The wellbeing of our patients, our doctors and our system is a synthesised dialogue that could rise above the social media collective incoherence.

As Hegel and Bohm have illustrated, this conversation is not easy, and it has to address the very complex intellectual pursuit of good dialogue. How can we cut across these skills in the often time-pressured and people-pressured interactions within complex health care systems? Few of us will read philosophy.

Method 3: a shortcut to dialogue

There is a third GP-led contribution to consider when opening and maintaining a dialogue, especially as a response to incivility or a win–lose conversation. A wise member of our GPs Down Under group, Dr Genevieve Yates, suggests that when a colleague or patient is difficult, even abusive, obstructionist or derisive of our role in primary care, ask very simply, with a pause:

“Are you okay?”

This is a disarming response to an unfortunate interaction between human beings. Arguing the facts is too easily done when tired, when managing uncertainty, when our emotions get in the way or when our status is challenged. The GPs Down Under response is short, swift and can begin a dialogue of “thesis–antithesis–synthesis”. By addressing the affect and the human, we might get a shift from the Socratic win–lose to the Hegelian synthesis so necessary to progress the safety of colleagues, staff and patients.

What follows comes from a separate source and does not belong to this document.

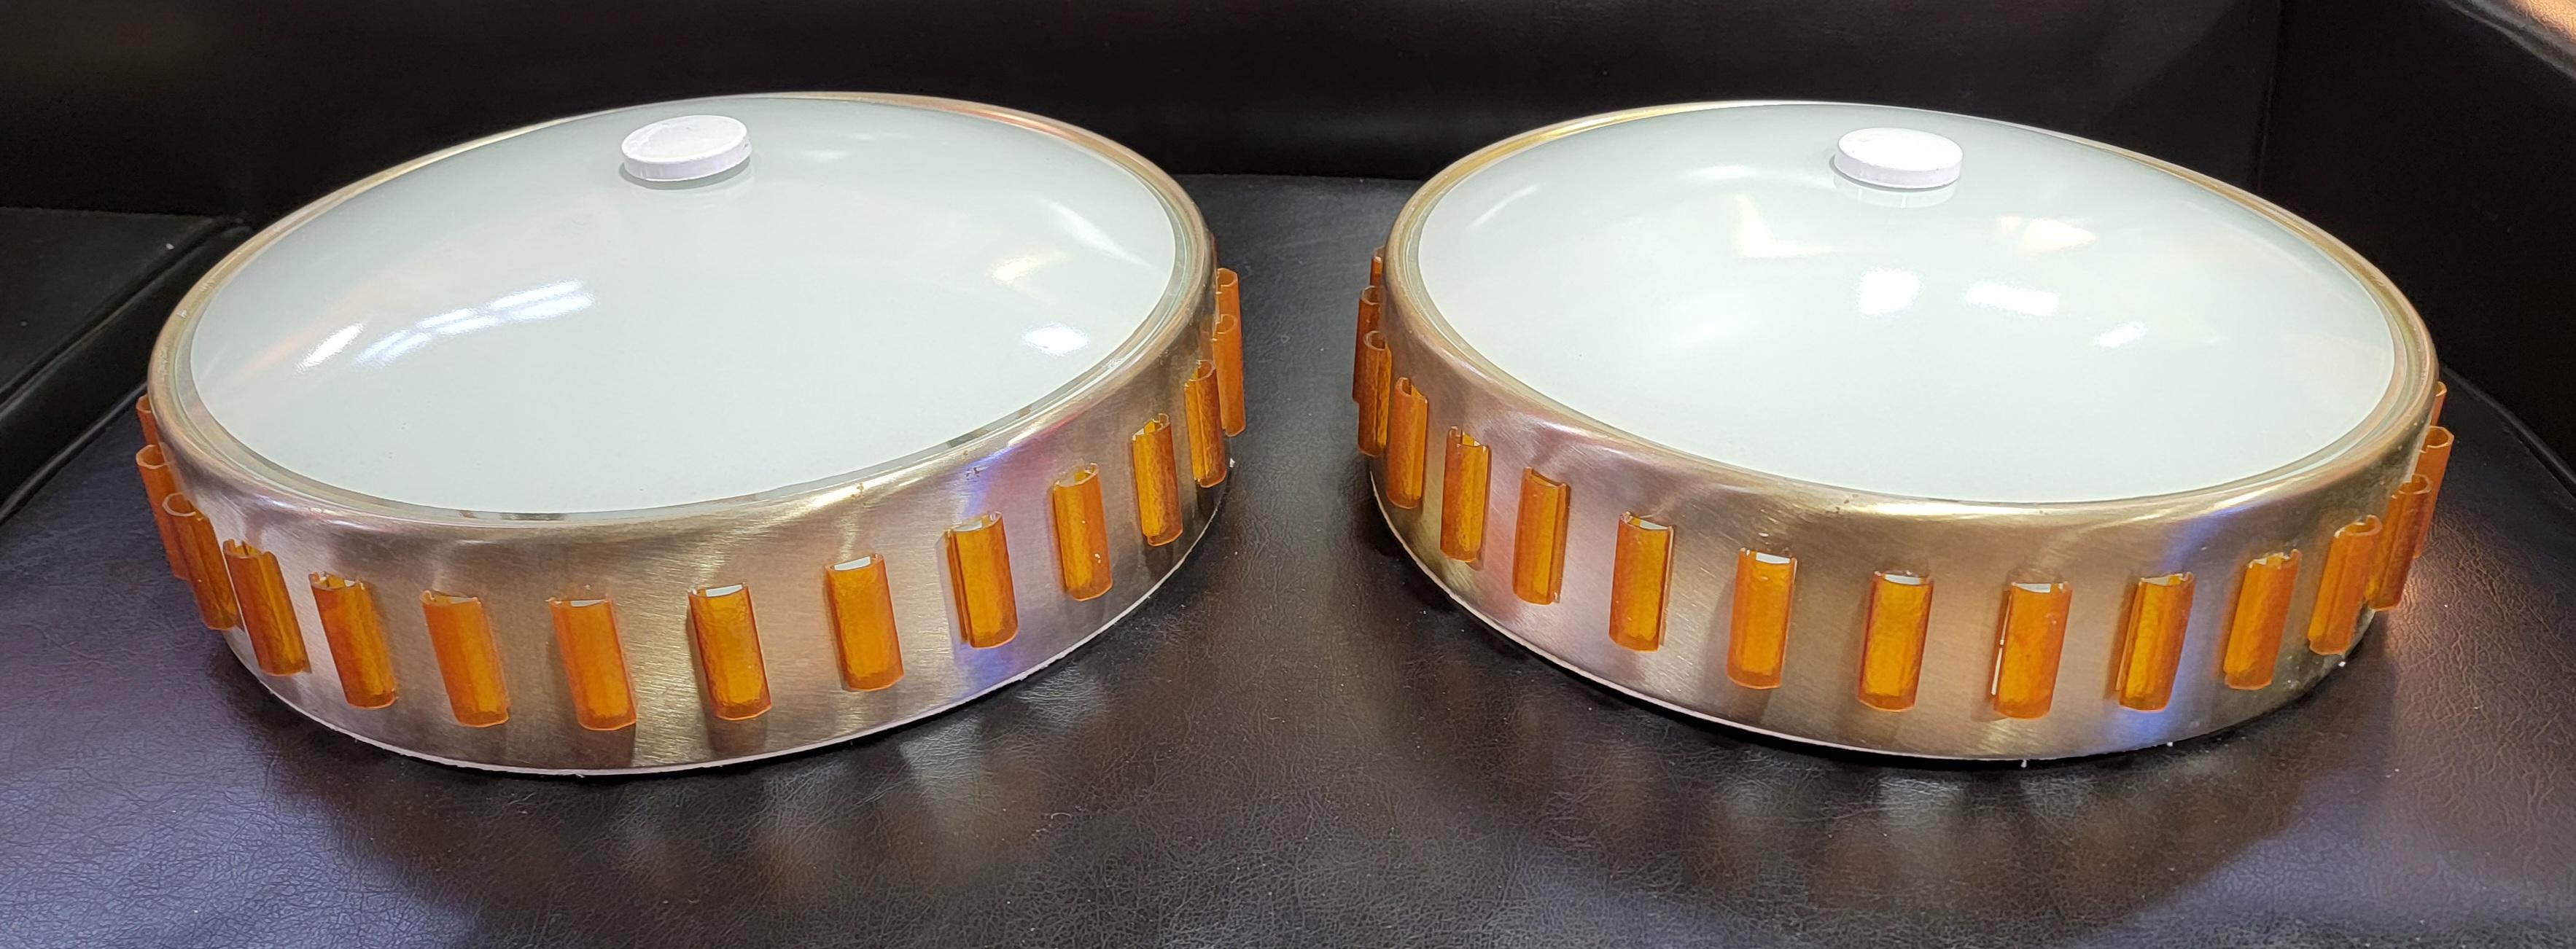 A pair of Mid-Century Modern flush mount ceiling fixtures with a space ship design. Metal frames, glass domed shades with amber colored plastic vents. Excellent original condition with original wiring working as intended. Each fixture holds 3 light

Method 4: the reflective personal self

The often missing part is to apply these rational principles to ourselves; to create a reflective dialogue within ourselves. Combining the intellect and affect in our conversations within ourselves as well as within the broader health workplace is a worthy aim. This was one of the central arguments of Bohm: attend to our own observations of affective knowledge and assumed personal values. Ask of yourself as a doctor or as a patient: “Am I okay?”

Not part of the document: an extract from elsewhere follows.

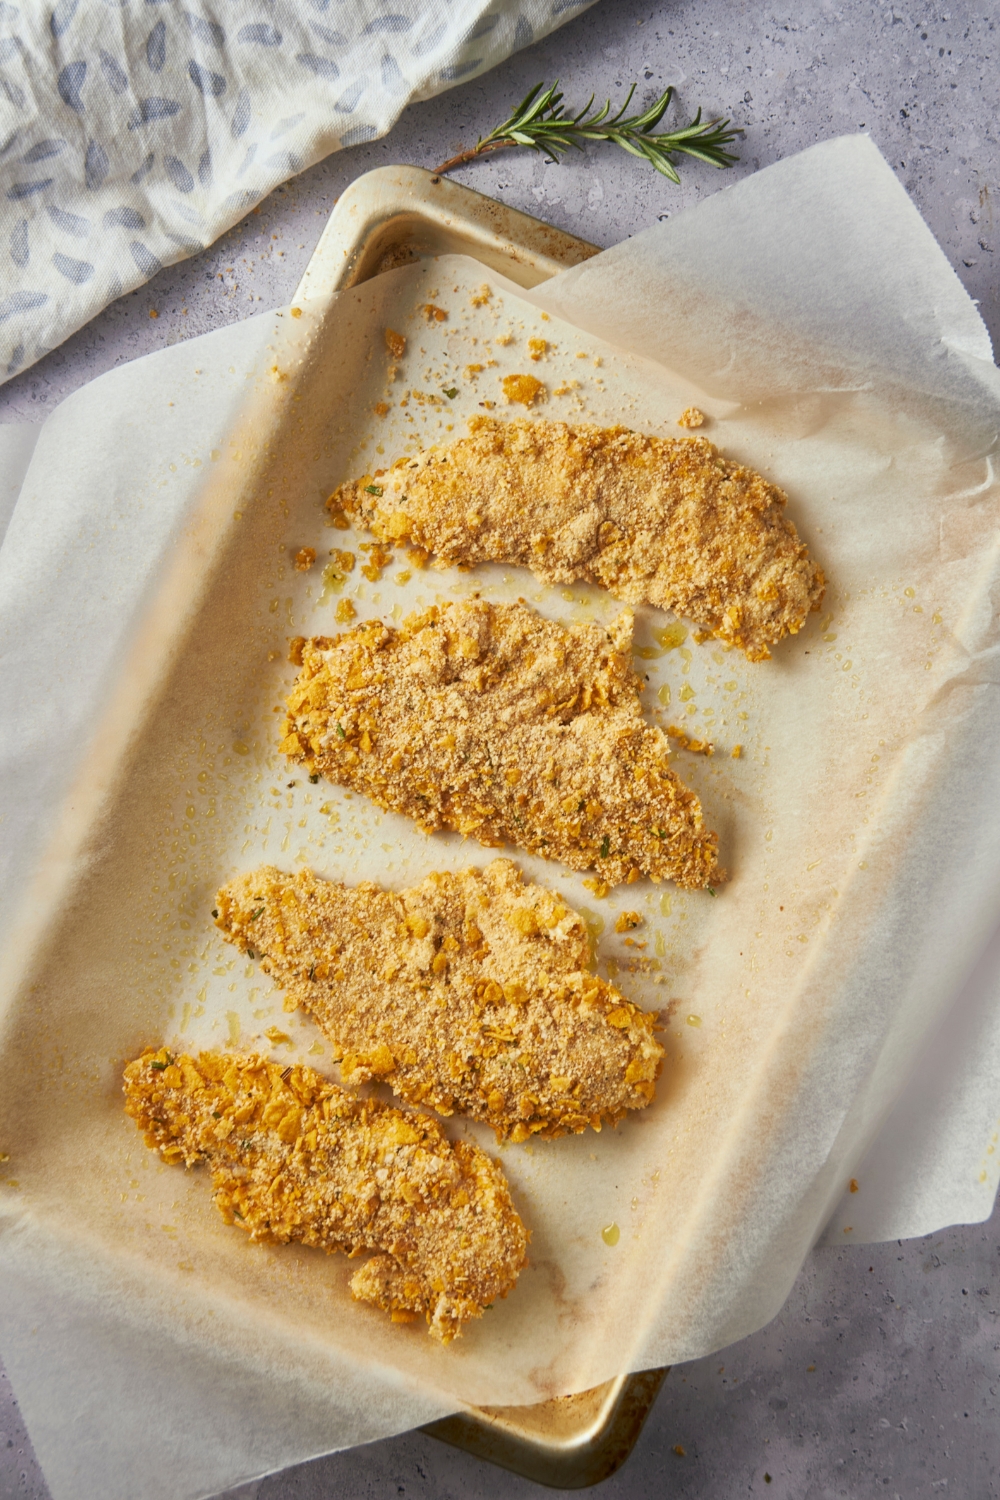 Four pieces of breaded chicken tenders on a baking sheet lined with parchment paper.

The internal dialogue of our own wellbeing cannot be underestimated. Pause and check in to the intellect, the affect and to wellbeing. To further consider the collective understanding of what health care means requires a greater dialogue than one of numerate efficiency and diagnosis.

What my friend having the biopsy remembered was the patting of his hand – the hand of health care dialogue that said: “I see your suffering; you are significant; you do matter”. Whether it is a patient, or a colleague or a staff member who is emotional, we need to listen carefully and pause. Humanising our health care means more than excelling at processes. It means thinking about concepts of health as per the WHO definition. Both with ourselves and with each other, the conversation about humanising health care is much more than a literal interpretation of contested and often unreliable facts. It is a participatory exercise with philosophy, science and the arts.

Long may that civil and deeply philosophical dialogue continue.

The administration team and the GPs of GPs Down Under wish you a happy holiday season and the gift of caring, thoughtful dialogue at the festive tables of your families, your colleagues, patients and staff.

Dr Karen Price is a GP and a member of the GPs Down Under Facebook group administrative team.



The statements or opinions expressed in this article reflect the views of the authors and do not represent the official policy of the AMA, the MJA or MJA InSight unless that is so stated.